Sometimes I’m bad at making plans. This weekend was one of those times, and I was a bit ticked at myself when Friday rolled around. The forecast was great, and I wanted to be in the mountains. I started pouring over maps and trip reports, but without a car, it was mostly an exercise in frustration. Perhaps I need to forget about planning?
I decided I would ditch my plans in favour of piece of cardboard. On one side it said “The Mountains” and the other, “Vancouver”. I would stand by the Sea-to-Sky and see where it took me. I packed a very light bag and caught the buses out toward Caufield Saturday morning.
The bus dropped me off at the “legendary” hitching spot, and within five minutes a old sedan had stopped for me.
“Where you headed?’
“I don’t know. How about you?”
“Cypress Peak. Want to come?”
I hopped in. It seemed fortunate that they picked me up, because they apparently had done no planning whatsoever. But I this strategy usually works for them; supposedly they once found Brew Hut in low-visibility with a map drawn on a napkin. I guided them up to the trailhead and answered their questions about the route. I figured I would exit via Brandywine, and texted a friend to be my emergency contact. Travelling from Mount Brew to Brandwine and is called the Alcoholic Traverse, and people dub the Cypress to Brandywine variation the Semi-Alcoholic.

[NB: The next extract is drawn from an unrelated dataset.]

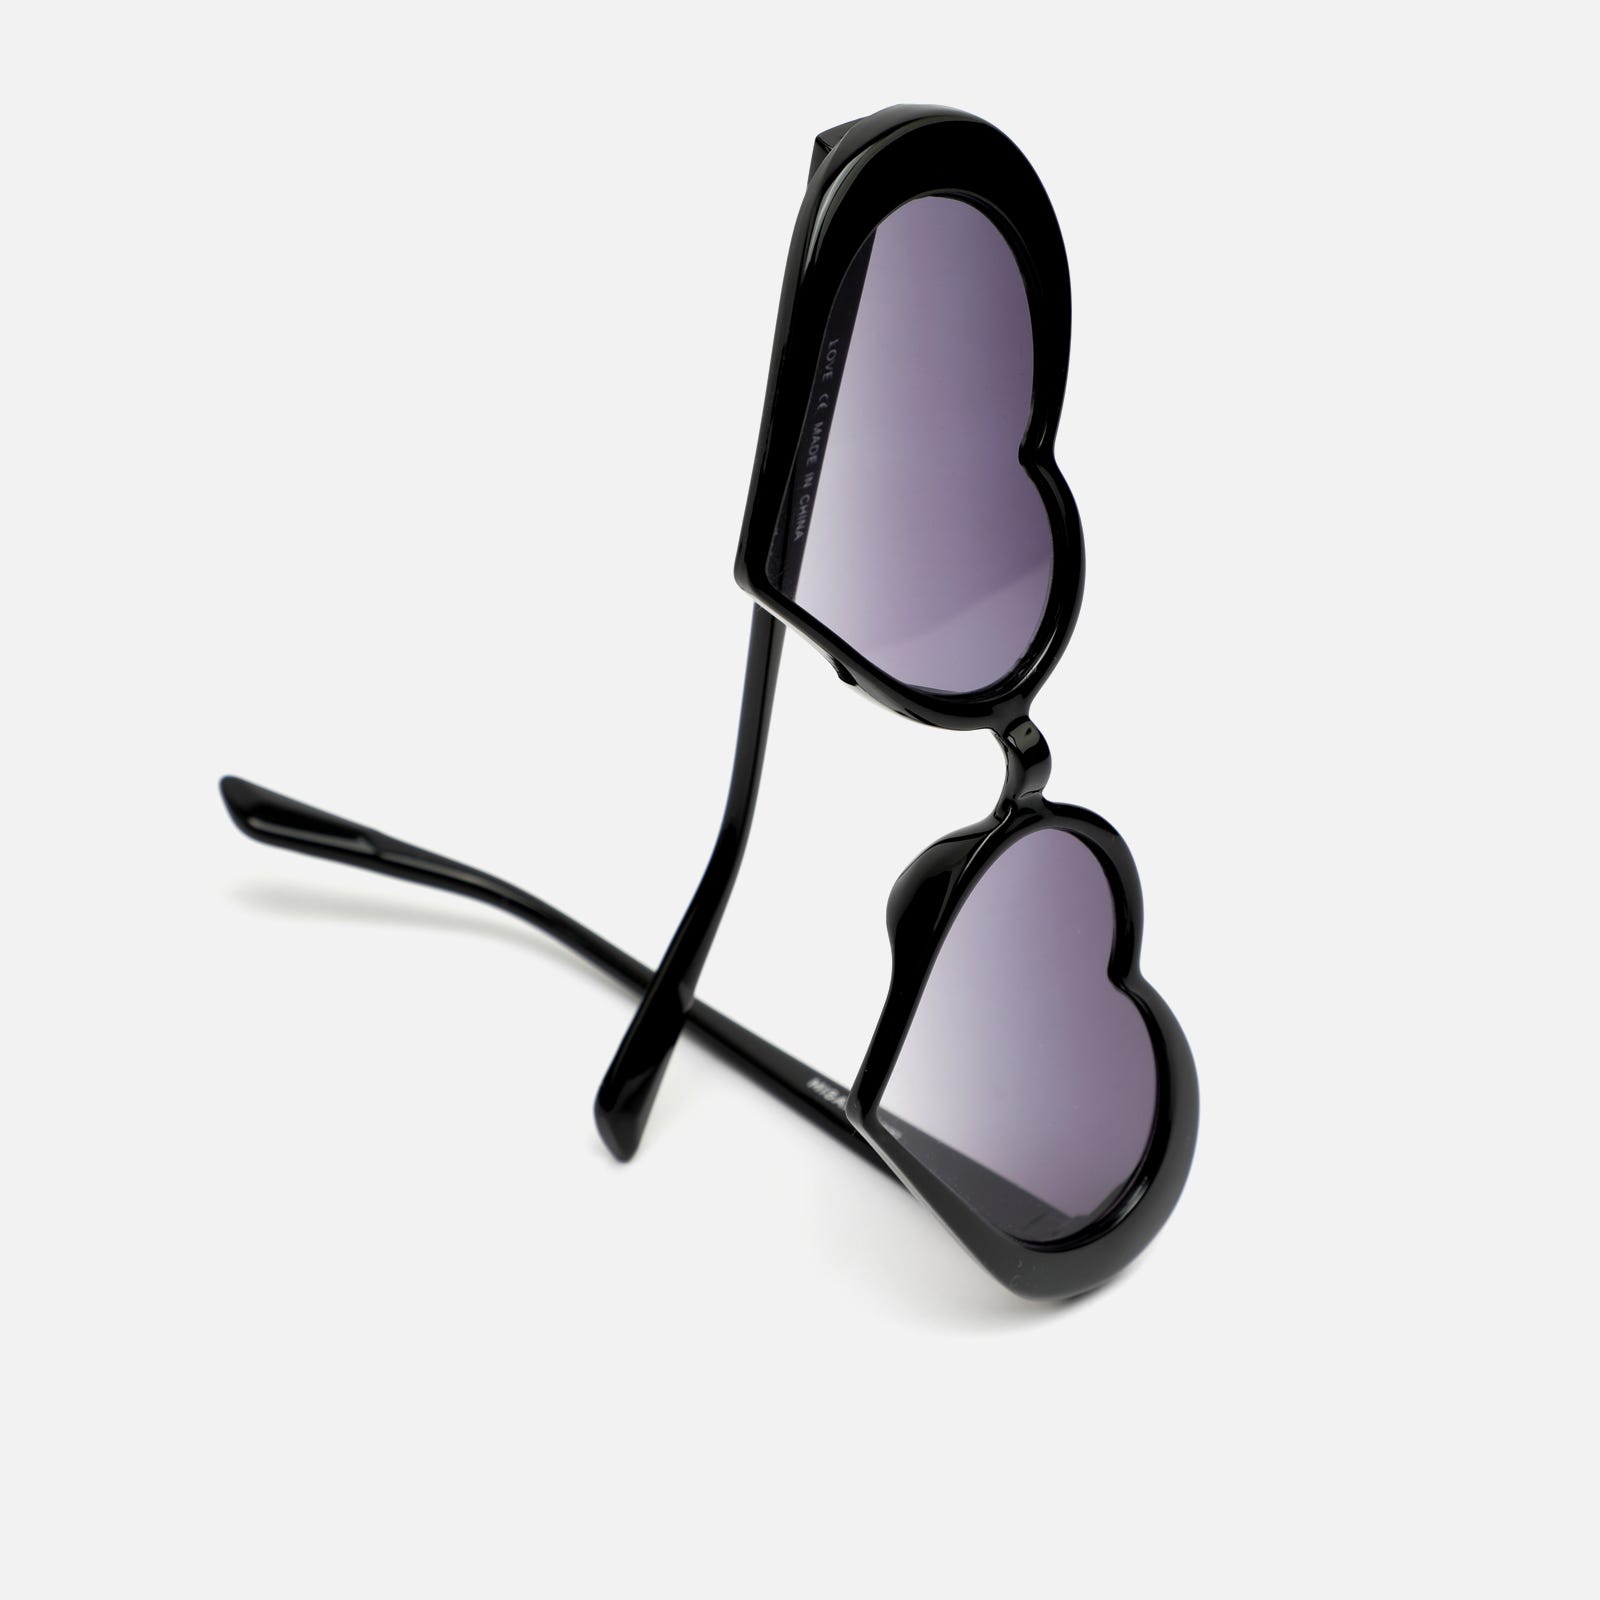 Love sunglasses with horn-rimmed frames

We were stopped by the waterbars shortly before R200. Just as we were parking, a Nissan X-terra drove by and offered us a lift to for the last few kms. The driver said he was just out for a drive. His “eat wild” ball cap said otherwise. We guessed later that he thought we were a bunch of hippy-environmentalist-vegans who would be appalled for his real reason to be up there.

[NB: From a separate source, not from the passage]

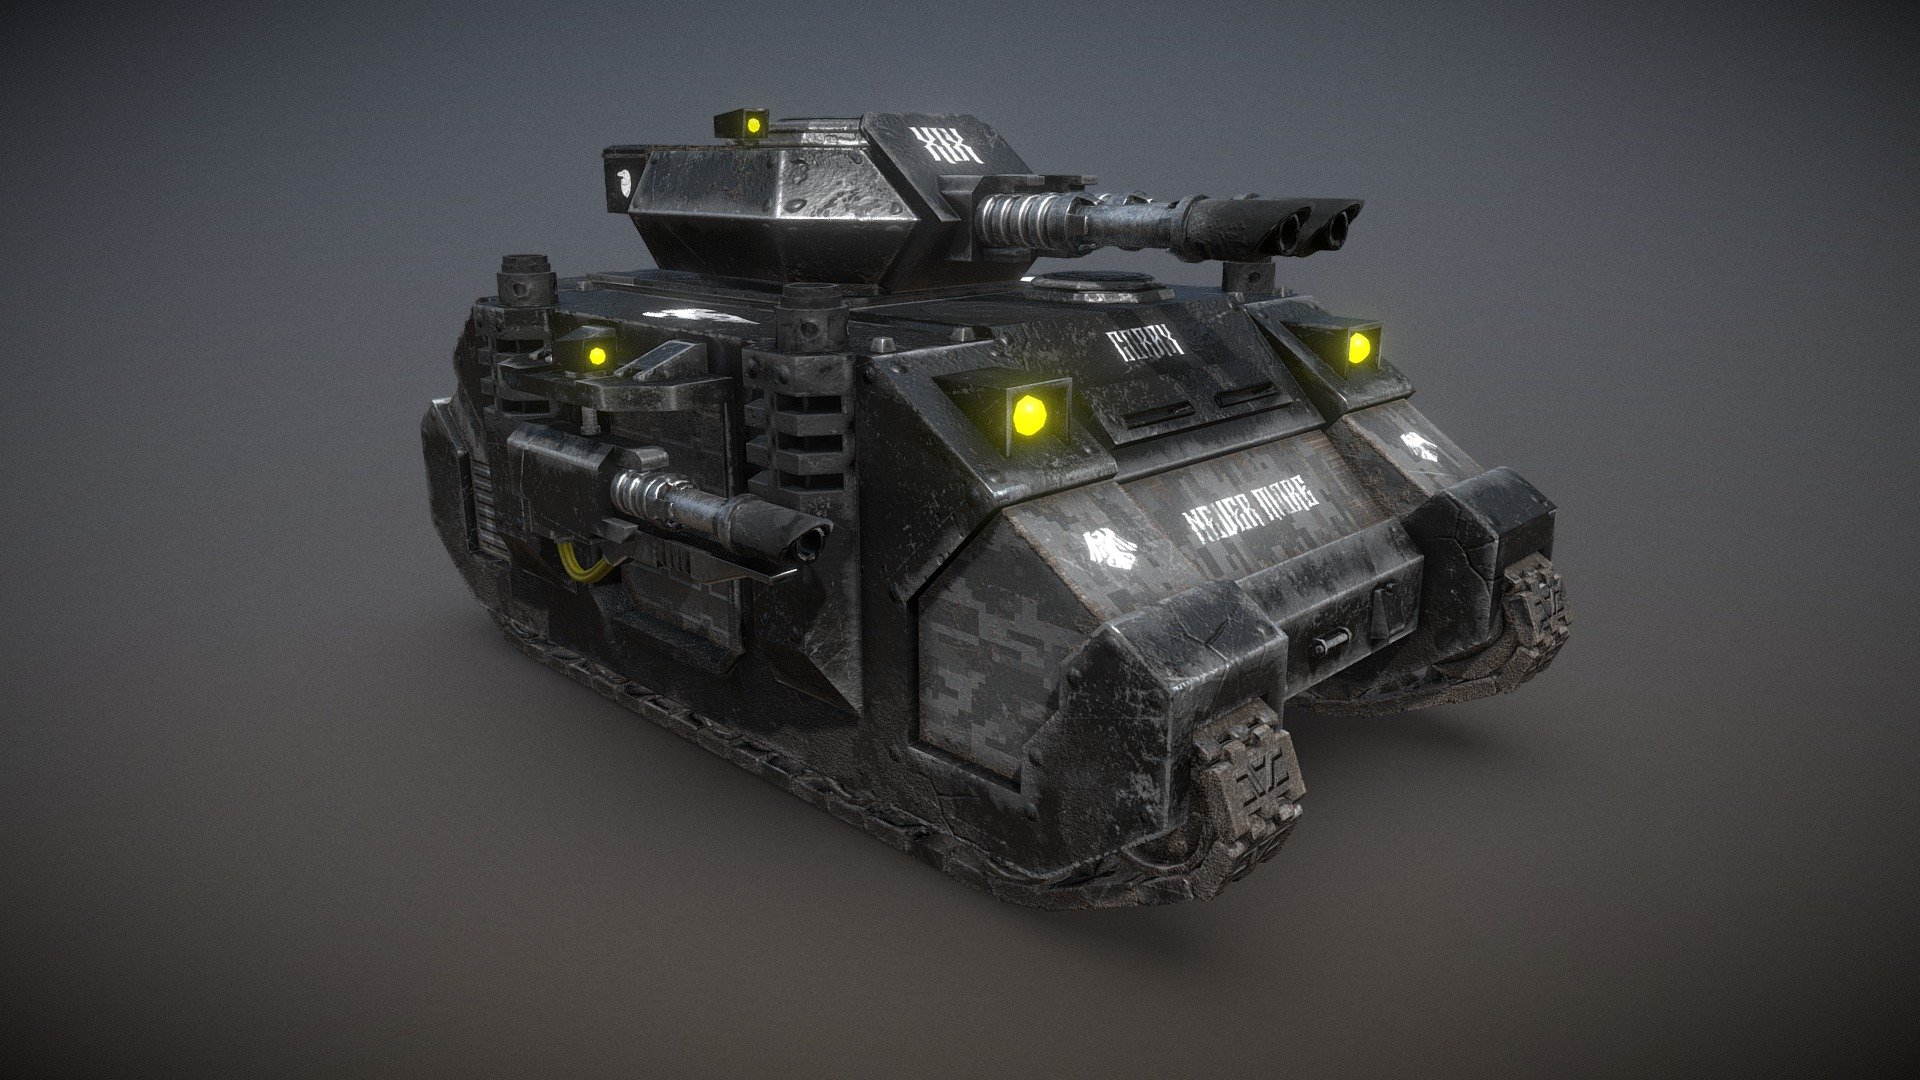 The Predator is a battle tank employed by the Space Marines. It is a more heavily armed and armoured version of the Rhino personnel carrier. There are two major patterns of Predator, the Destructor and the Annihilator, primarily distinguished by their specific weaponry - Battle Tank Predator Raven Guard Warhammer 40K - Download Free 3D model by curichenkow 3d model

I hiked with my new friends up to the col below Cypress and bid them adieu. They were really cool, and one them is starting at UBC. Hopefully we’ll see him around. I sat alone and stared at the map. I had downloaded one trip report onto my phone during the car ride, but it that party had turned around after the first quarter of the route. I guess all I’d have to on was the route line drawn on the map.

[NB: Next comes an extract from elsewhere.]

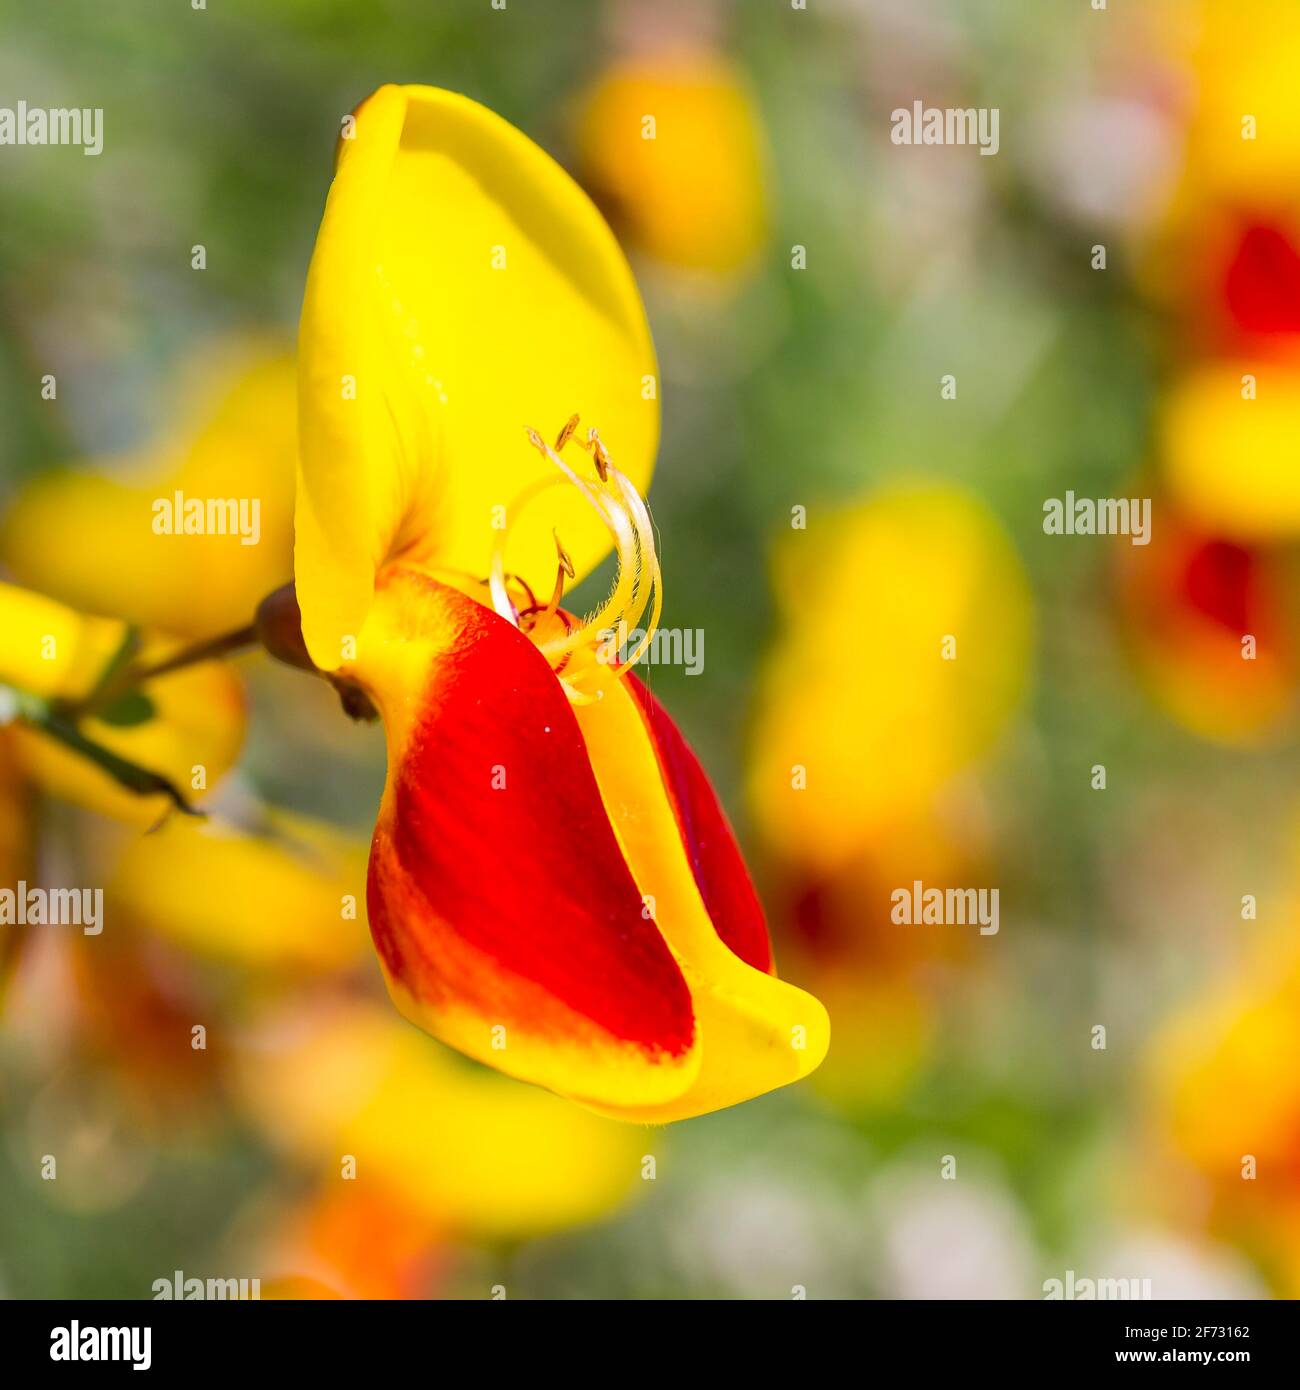 Common broom (Cytisus scoparius), flower in yellow and red, Saxony, Germany Stock Photo

I wandered north through the alpine. The route follows the line of mountains between the Squamish and Cheakamus rivers, and the views are both constant and spectacular. There was a bit of snow hanging around in places, and I was worried about the glaciers since the route line on my map told me to cross them. Fall is usually the worst time for glacier travel since thin snow can hide the crevasses, but not support your weight. When I arrived at the glacier below Fee, there was indeed a few inches of snow, but I was able to hike below it. I know the glaciers on this route have a mellow reputation, and I think Baldwin’s book recommends the traverse early season, but there are still some crevasses I’d rather not fall into.
At the small lake below Fee I stopped for the day. I had packed only a -3C sleeping bag and a piece of Tyvek I begged from a construction site the night before. The skies looked clear, so I didn’t bother making Tyvek tarp and just curled up in my sleeping bag.
I woke up with frost covering my sleeping bag at 2am and struggled to keep warm. It didn’t work that well. I guess the season for open bivys with a light bag is over. The night was only going to get colder and by 3am I gave up sleeping and got a move on. Continuing to avoid the glaciers brought me a bit closer than I’d like the walls of disgusting choss that is Mount Fee, and I was a glad to both have a helmet and be travelling before dawn.
The moon was so bright my headlamp stayed in my pack. At 4am I took off my jacket and had to repack my bag. A second later I reached for my headlamp to better see the map. It, and the bag of essentials that comes on every trip, was gone. Shit. I searched around, but it was pretty tough without a headlamp.
I started to retrace my steps through boulder field. I was pleased with my ability to follow the occasional footprint, and am considering a career as a bounty hunter. I returned to my bivy empty handed. Double shit. I decided to wait for the sunrise before heading forward again.
When I got back to my turnaround point just after dawn, I saw the bag lying just behind the rock I stopped at. Yep.
The rest of the way to Brandywine went quickly. The route might be nicer with a bit more snow though because there’s a lot of crappy talus hiking. I tagged the summit of Brandywine and chatted with the many people on route. They marvelled at my 26L bag. I told them it was a result of poor decisions.
A small backhoe was at work trailbuilding in Brandywine meadows. I made it halfway down the road to the highway before I was picked up, and a couple rides later I was on a bus home. One couple I travelled with claimed to have been at Keyhole hotsprings over the weekend.
So I guess it worked out. I’m keeping the sign.